Assuming a straight electrical wire with no dielectric insulation (i.e. dielectric constant of wire insulation would reduce the displacement Ec field of the capacitor), positioned perpendicular to the plates of the capacitor as shown in the figure and provided, also that the wire is powered by a different source than the capacitor and the capacitor is fully charged, then the short answer is ideally,

when Ec(inside wire)=-Ew (Eq.1)

where Ec(inside wire)≠Ec (i.e. Ec value in vacuum)

The two electric fields Ec(inside wire) of the capacitor and Ew of the voltage source Vw inside the wire will cancel out and no electric current Iw will flow through the wire.

Practically, this means that you must make sure that the polarity (+/-) of the source powering the wire is opposite to the polarity of the voltage source V powering the two plates of the capacitor and quantitatively that the displacement current between the capacitor plates is made equal and opposite sign of the d.c. current Iw flowing through the wire thus,

Ic(maximum peak)=-Iw (Eq.2)

The displacement current between the plates of a fully charged capacitor (i.e. when fully charged, current on the capacitor circuit lines is ideally zero Ic=0) is the maximum peak value measured of Ic current at the beginning of the capacitor charging period.

Meaning that you have to choose the correct value of source voltage V for your capacitor circuit that would cancel out the current on the wire Iw.

You could do a theoretical calculation but it would be complicated with a possible large error bar, knowing the exact resistivity and impedance values of the two circuits but if your question is related to a practical application and assuming your capacitor in the circuit is fast charging, you could just keep increasing V voltage value until you measure Iw=0.

Updated figure added 14 May 2021: Because it seems that there is a lot of confusion created about the previous figure also seen in this answer, I have added a second version of the circuit schematic that I hope will clarify things.

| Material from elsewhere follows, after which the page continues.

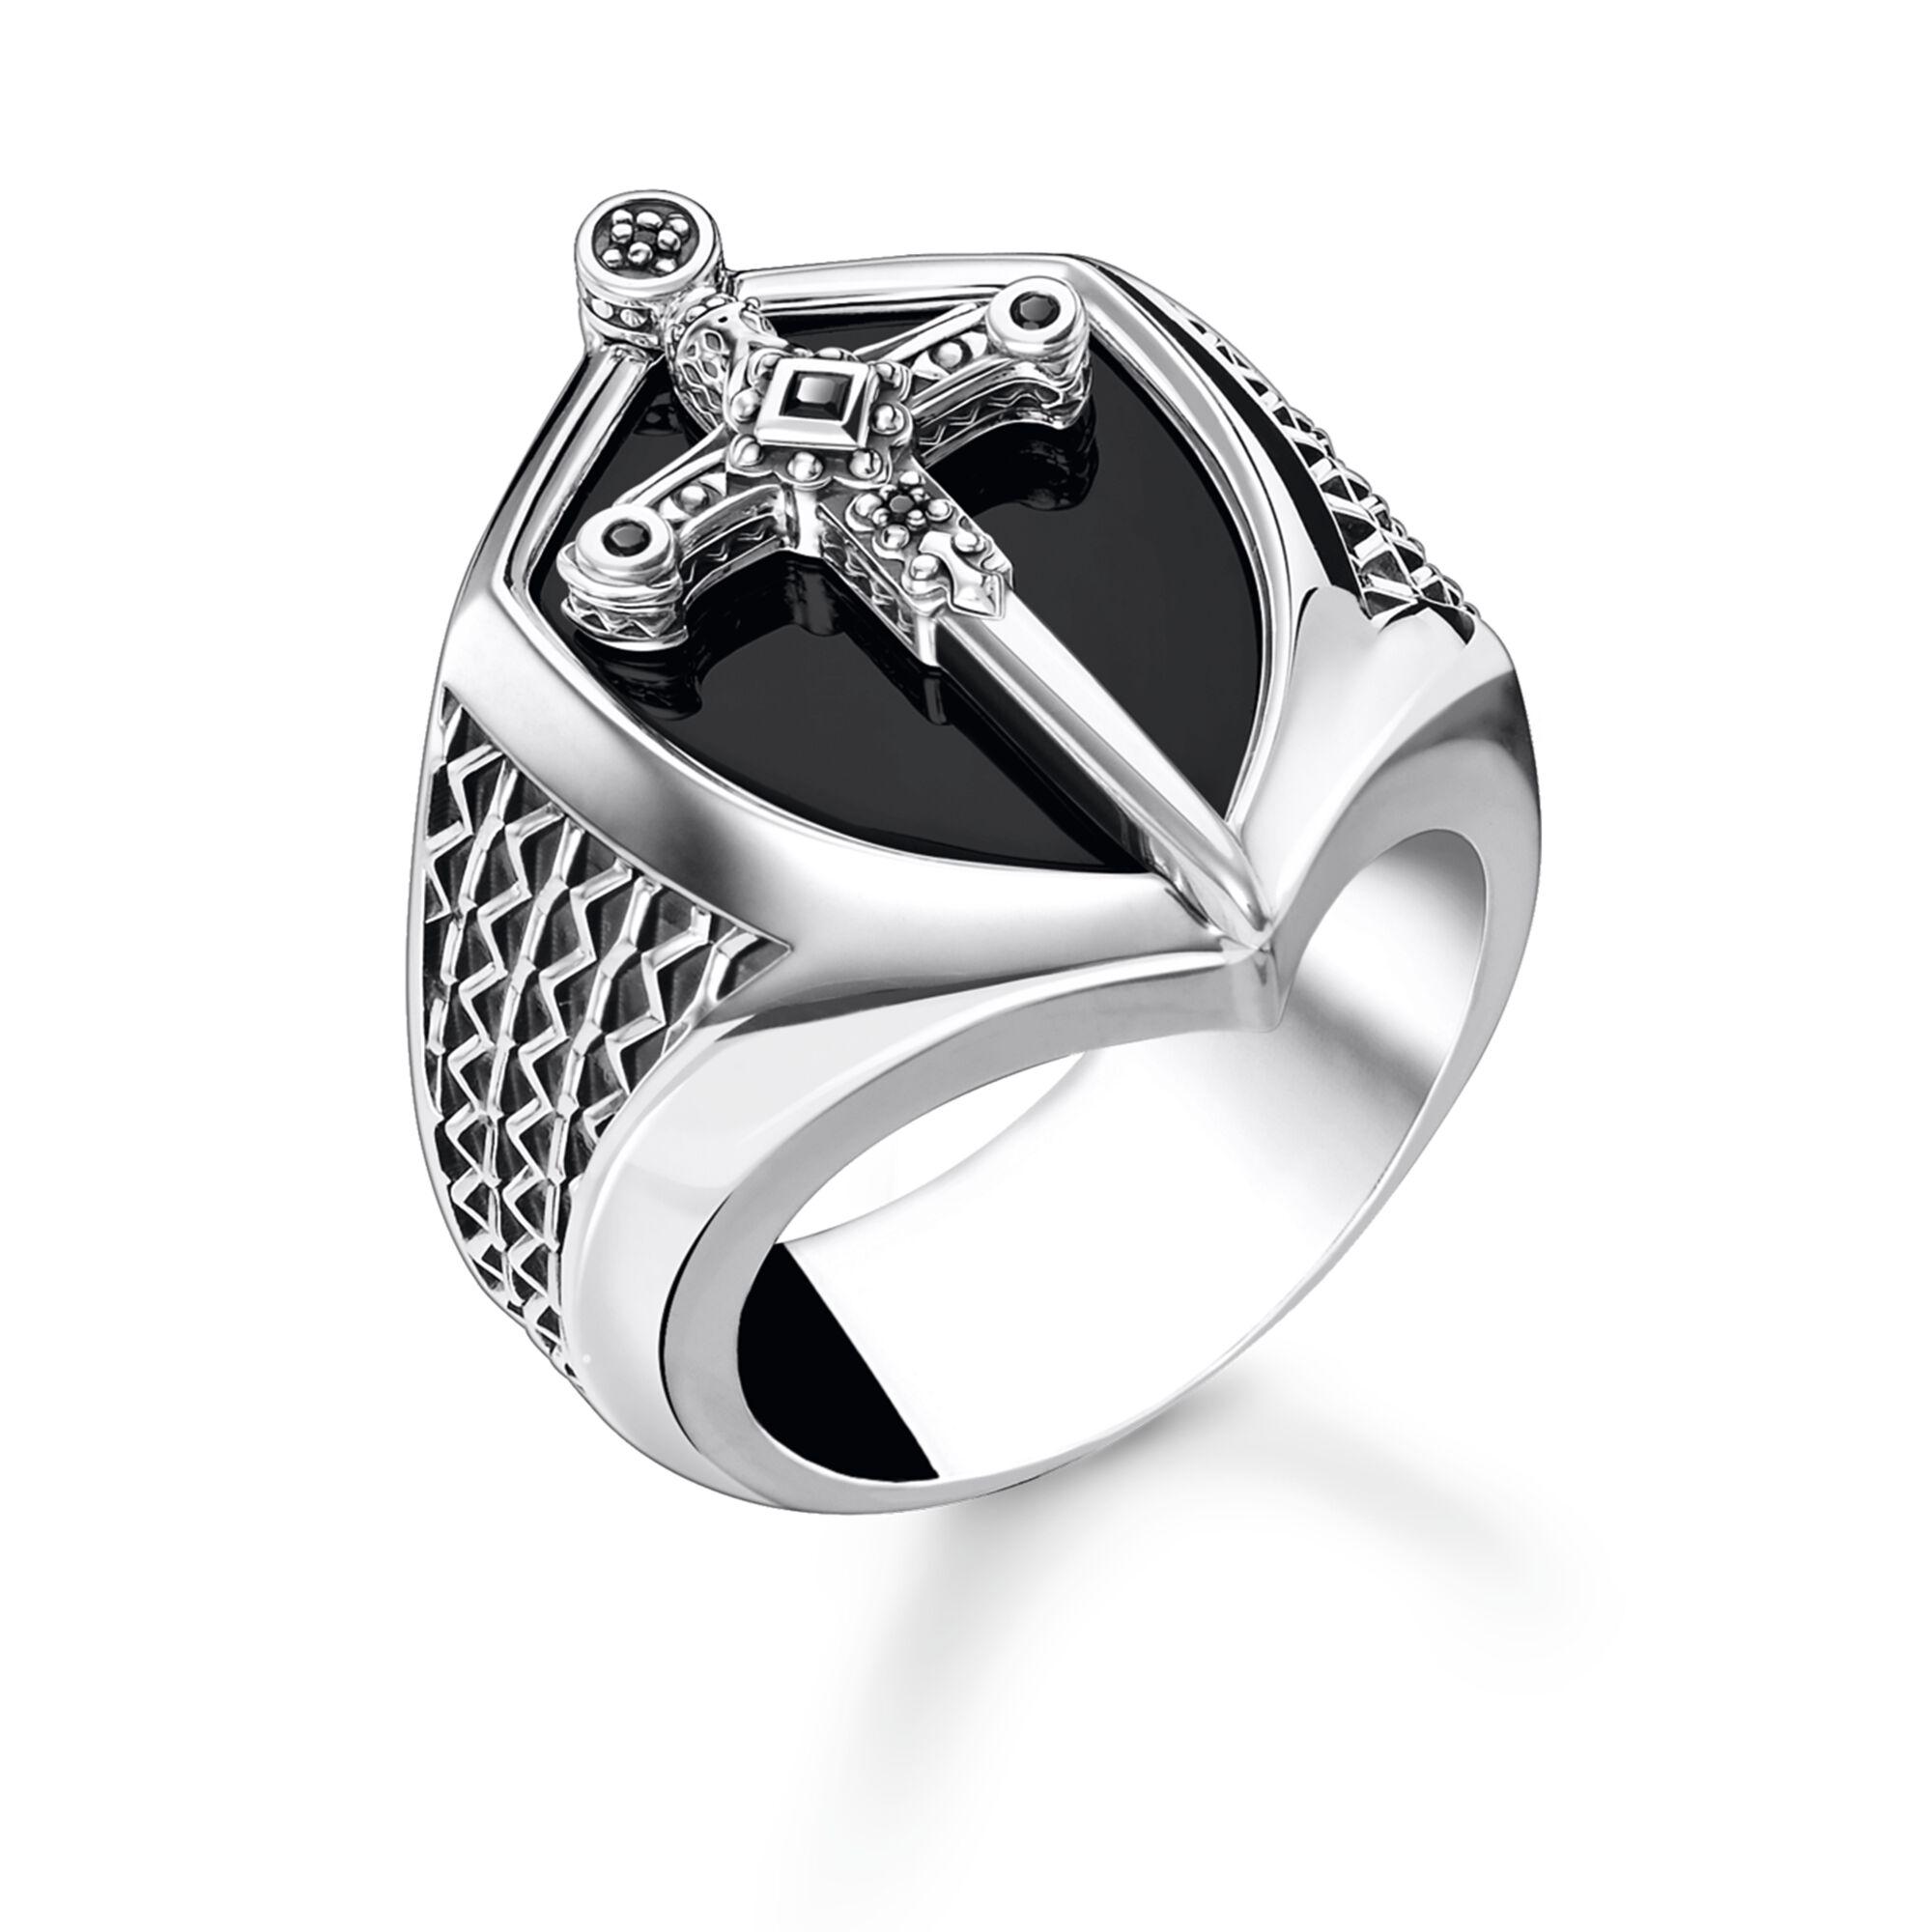 Wholesale Custom mens Black zirconia ring OEM/ODM Jewelry made of blackened 925 Sterling silver OEM jewelry factory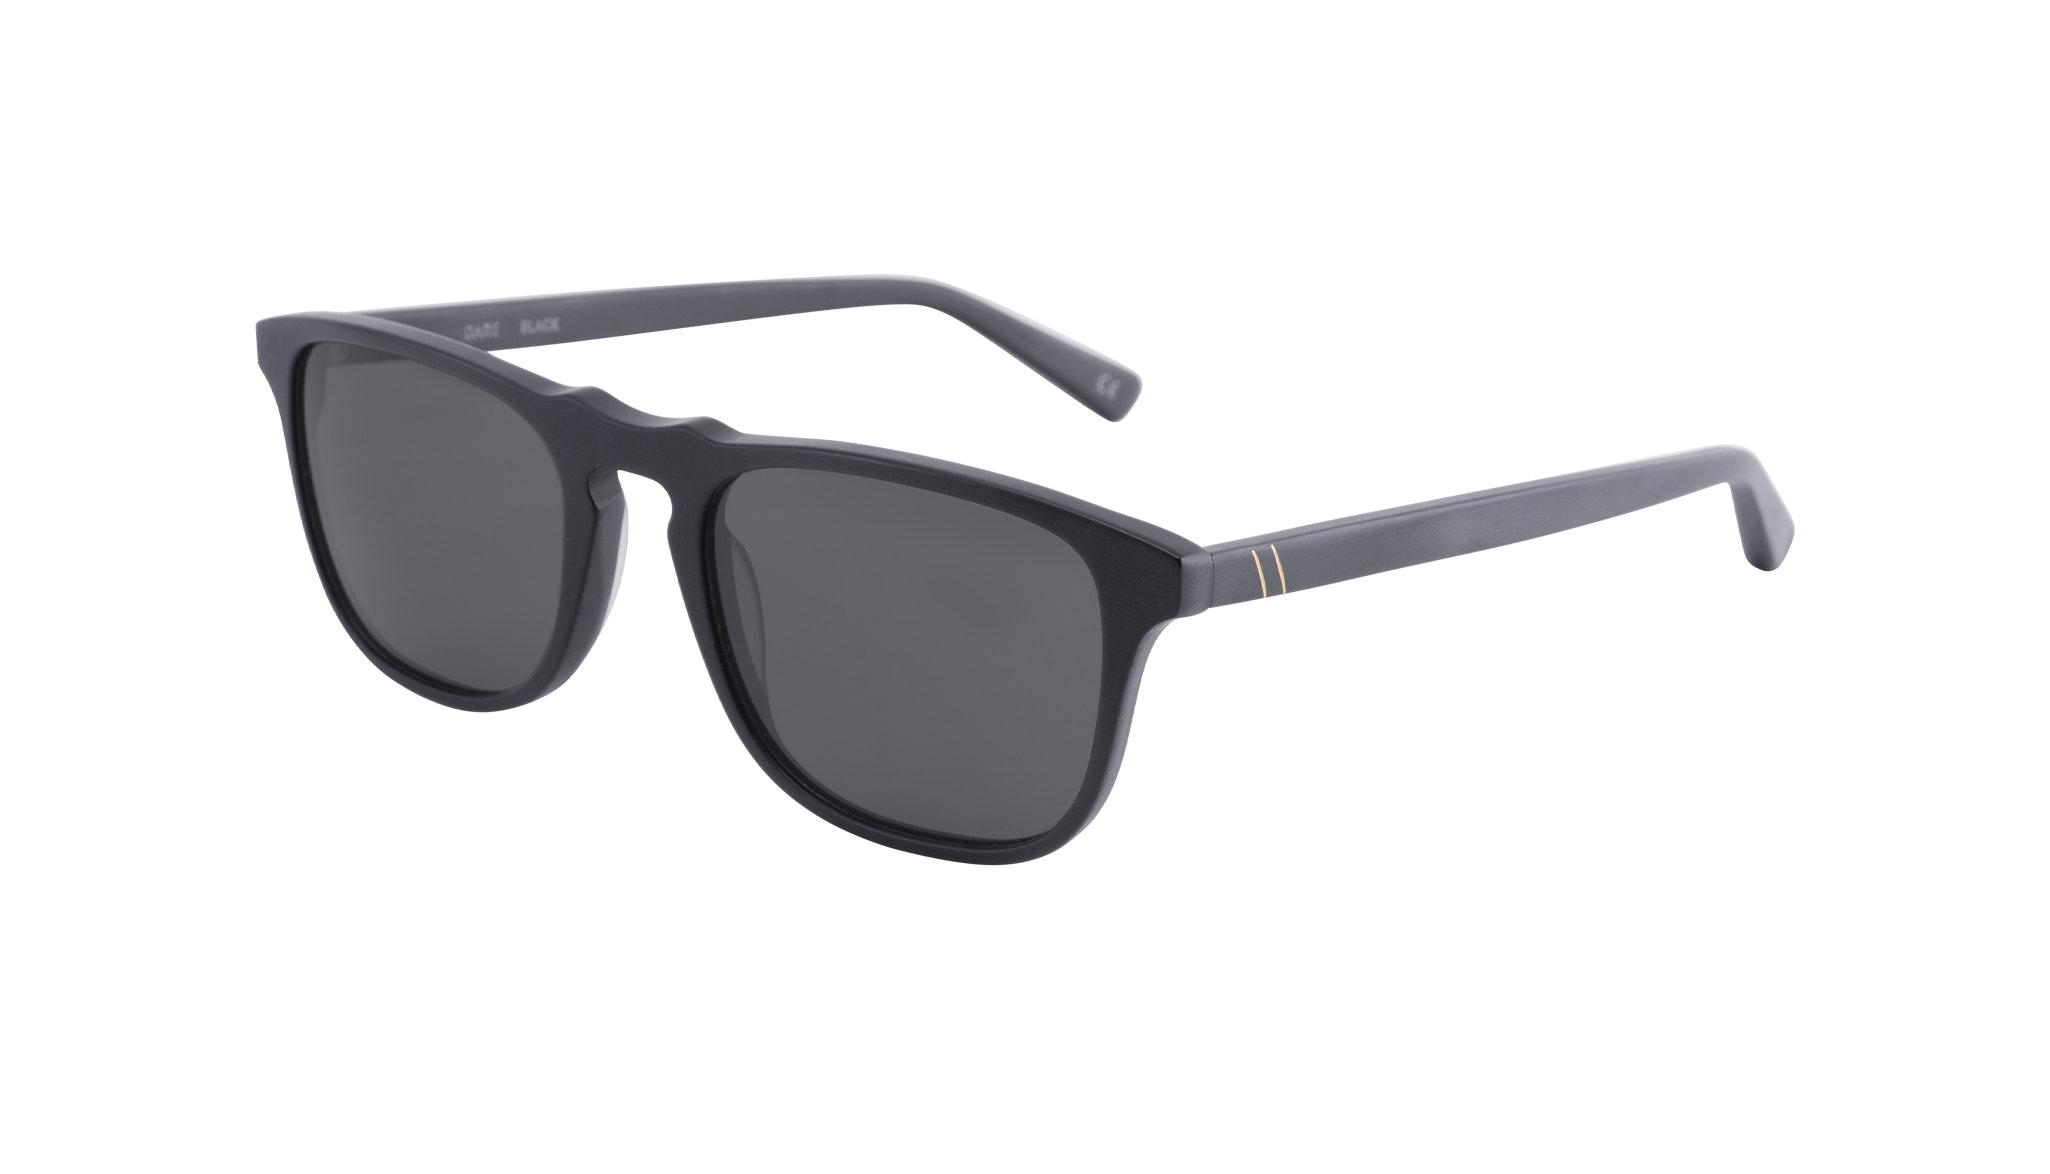 Affordable Fashion Glasses Rectangle Sunglasses Men Dare Matte Black Tilt

The conventional flow of current is used. updatd version of figure

Answer update added 22 May 2021: The electric field Ew inside a current carrying wire connected to a voltage source is not zero. The E=0 case inside a conductor holds only for Electrostatics and not for a current carrying conductor where the electric field inside the conductor is not zero, E≠0. The whole point of this circuit is that the naked wire (marked as red) inside the field of the capacitor is connected to a voltage source therefore electrostatic equilibrium is continuously disturbed and never reached. physics.stackexchange.com/a/250651/183646 There is definitely Ew present opposite to Ec all the time after the capacitor is charged. We can assume the capacitor is in vacuum to avoid dielectric leakage and therefore an ideal case. The fields will interact and therefore affect the current on the wire. Of course because the huge difference of conductivity between the air and the wire a huge voltage Vc would be needed on the plates of the capacitor to zero even a small current on the wire Iw.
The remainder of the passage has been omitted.